Sooner or later this absurd debacle must end. Sooner or later the construction of the new Dunedin hospital will get under way.
But what, where and when?
Some things are clear. Ministers are not going to announce that their ham-fisted intervention of last September was a mistake. They will not acknowledge that the costs were already coming down, or that the existing design is eminently fit for purpose.
Ministers will not admit that their claim of the costs ballooning "towards $3 billion" was bunkum, though they knew at the time the costs on a like-for-like basis were about $2.1b. Nor will they acknowledge their pre-election promises are broken.
Politics, the art of the possible, has now intervened. If the project is to proceed, the public must play the game of "the least harmful alternative" — and remember at the ballot box.
I happily rely on the opinion of the Clinical Transformation Group (CTG), a group of mainly clinicians who have been engaged with the project for years and who know it inside out. Their judgements are always thorough, balanced and firm.
They will know whether some "least harmful alternative" can be made to work, or not.
So far, the leaks into the public arena indicate the removal of the sixth floor and a rearrangement of surgical theatres, probably with the loss of two theatres in the process. Other changes are undoubtedly in play too.
Suddenly, an important question arises. Will the sixth floor be "cold shelled", meaning that it will exist but be empty? Or will the sixth floor disappear entirely?
The answer matters. Should it be cold shelled, then at least the new hospital has a chance to expand as demand grows in coming years. Future flexibility can counter today’s political shortsightedness. The cost difference is just $30m. At that price, a cold shelled sixth floor becomes a very cheap piece of hospital real estate.
So, a politically expedient solution begins to take shape, if it is clinically acceptable. The sixth floor is cold shelled, and the government can trumpet that the project will restart. The government can generously relocate the two missing theatres to Kew Hospital in Invercargill — quietly ignoring the fact that they have been planned there for the past two and a-half years.
Even the problems with pathology can be overcome if the sixth floor is leased to the private sector provider for a decade or two, until future clinical needs take precedence.
Will it come in under the $1.88b budget? The answer is "it can be made to", if only by massaging contingency allowances. Much of the gap between the $1.88b limit and the (about) $2.1b estimate had already been reduced in the two to three months before ministers rode into town in late September.
The reason is that, as a building design approaches completion, cost estimates become more accurate. Final negotiations begin. The principal contractor and key subcontractors have increased certainty. Risk premiums reduce; pencils are sharpened.
The gap has of course been closed further by reducing the hospital itself. The government will want to claim a cost of $1.88b. The actual outturn will surely be higher.
All of this ignores the option of refurbishing the existing Ward Block. That was the second option ministers wanted to explore. It was a ludicrous idea then, as it is now. Having consumed considerable time and energy, one assumes it will quietly die.
Yet this government has not finished meddling. Pre-Christmas, ministers were actively second guessing the commercial suitability of CPB, the company holding the Early Contractor Involvement (ECI).
This is a construction contract where the principal contractor is engaged at an early stage in a project to offer input into the design phase.
Ordinarily the ECI would be converted into the final contract, assuming any commercial concerns have been addressed. But now ministers seem to be relitigating that, according themselves an acute commercial judgement I doubt they have.

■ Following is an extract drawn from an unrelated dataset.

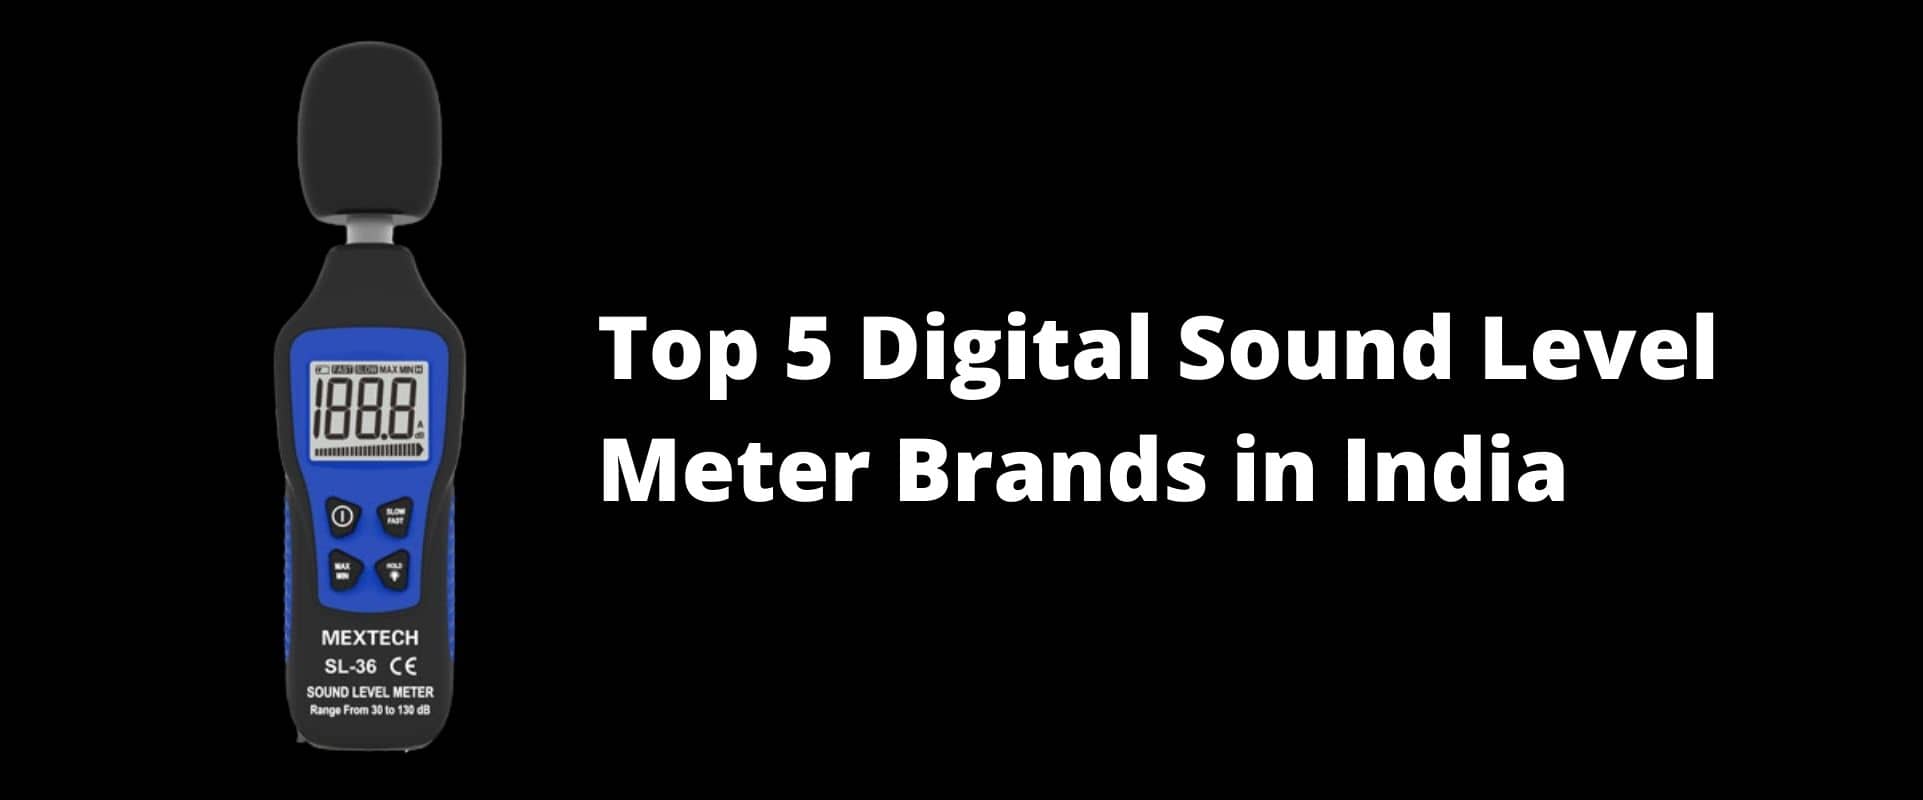 Top 5 Digital Sound Level Meter Brands in India

Taxpayers need not be concerned about who does or does not build hospitals. As a large multinational, CPB has plenty of detractors and supporters.
But we should be concerned when politicians think they know best in these matters.
More to the point, ministers are telling the entire Australasian construction industry that the New Zealand government is a risky client. The Crown is usually thought of as a good client. The jobs are big; the bills get paid.
But if political meddling becomes the norm, large construction companies will add that risk to the price. Building costs in New Zealand will rise accordingly.
Ministers need to come to a decision fast. Southerners have had enough delay and enough meddling.
Time the government started governing.
— Pete Hodgson is a former chairman of the new Dunedin hospital governance group, a former chairman of the Southern District Health Board and a former Labour Minister of Health. He is not a health professional and has no construction experience.